Understanding and implementing service principals was a crucial step in automating my deployment process. It provided a secure way for GitHub Actions to interact with Azure resources without exposing my personal credentials, while maintaining the principle of least privilege by only granting necessary permissions.

Frontend Workflow

For the frontend deployment workflow, the CI/CD pipeline integrates seamlessly with Vercel. The workflow is triggered on pushes to the main branch and pull requests, ensuring consistent validation of code changes.

For the frontend deployment, I created a Vercel project and connected it to my GitHub repository. This integration allowed me to leverage Vercel’s specialized hosting environment for Next.js applications while maintaining control over the deployment process through GitHub Actions. After connecting the repository, I configured project settings in the Vercel dashboard, including environment variables needed for API communication and other application settings.

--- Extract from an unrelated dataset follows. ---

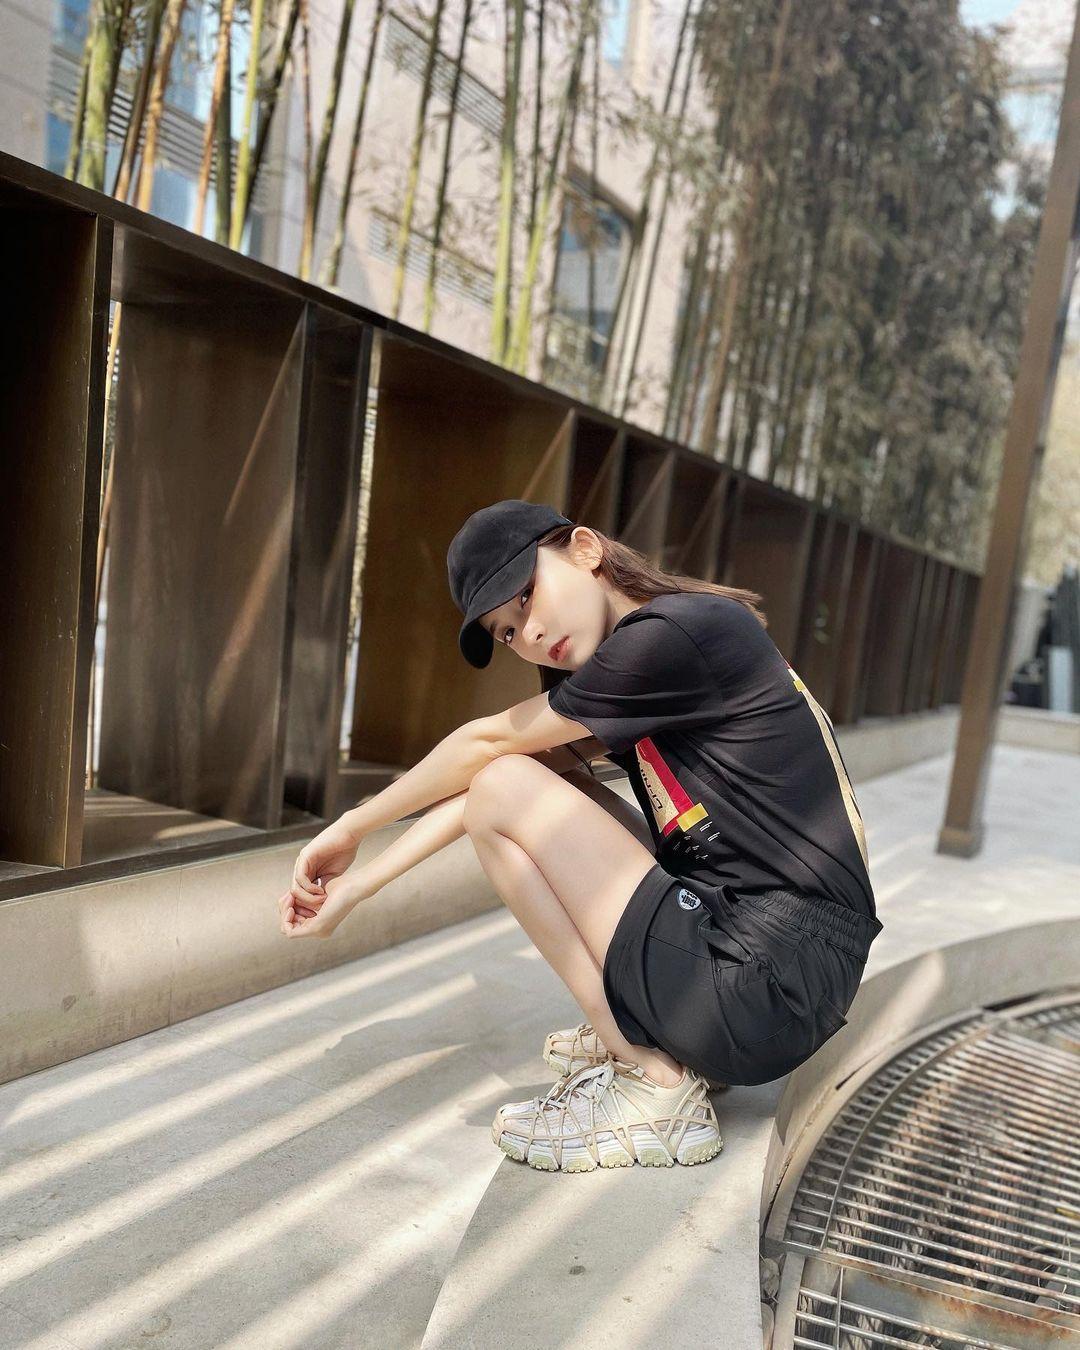 李宁,Mix ACE,发售,明星,娜扎  腿长逆天!娜扎上脚神秘新鞋!这双鞋果然大有来头!

One critical aspect of this implementation is that I’ve disabled Vercel’s automated builds to prevent conflicts with our GitHub Actions workflow. This ensures that deployments only happen through our controlled CI/CD process, maintaining consistency between testing and production environments.

The frontend deployment pipeline includes several key steps:

• Linting and type checking using ESLint and TypeScript
• Building the Next.js application with production optimizations
• Deploying to Vercel using their CLI with environment-specific configurations

The Vercel deployment leverages environment-specific tokens and project IDs stored as GitHub secrets, ensuring secure deployment without exposing sensitive credentials. The workflow also includes a verification step that checks if the deployed frontend can successfully connect to the backend API.

Conclusions

Implementing CI/CD for CandleWise provided me with valuable industry-relevant skills. I mastered creating path-specific workflows that trigger deployments only when relevant files change. This precision creates efficient pipelines that deploy only affected components, saving resources and reducing deployment times.

Practicing how to programmatically declare cloud resources with Terraform gave me a highly transferable skill. Managing remote state and implementing consistent deployment patterns across environments is crucial in enterprise settings.

Configuring Azure service principals and implementing proper secret management with GitHub Secrets taught me industry best practices for secure automation. Creating seamless workflows between GitHub Actions, Azure, and Vercel showed me how to coordinate deployments across different hosting platforms—a critical skill in today’s diverse cloud ecosystems.

The most valuable skill I gained was implementing full automation from code commit to production deployment. This end-to-end pipeline integrates infrastructure provisioning with application deployment, significantly improving reliability and development speed.

This CI/CD implementation marks a significant milestone in my development journey. By eliminating manual steps and creating consistent deployment patterns, I’ve built a foundation that lets me focus on feature development rather than operational concerns. These automation skills apply directly to enterprise environments where reliable, repeatable deployments are essential.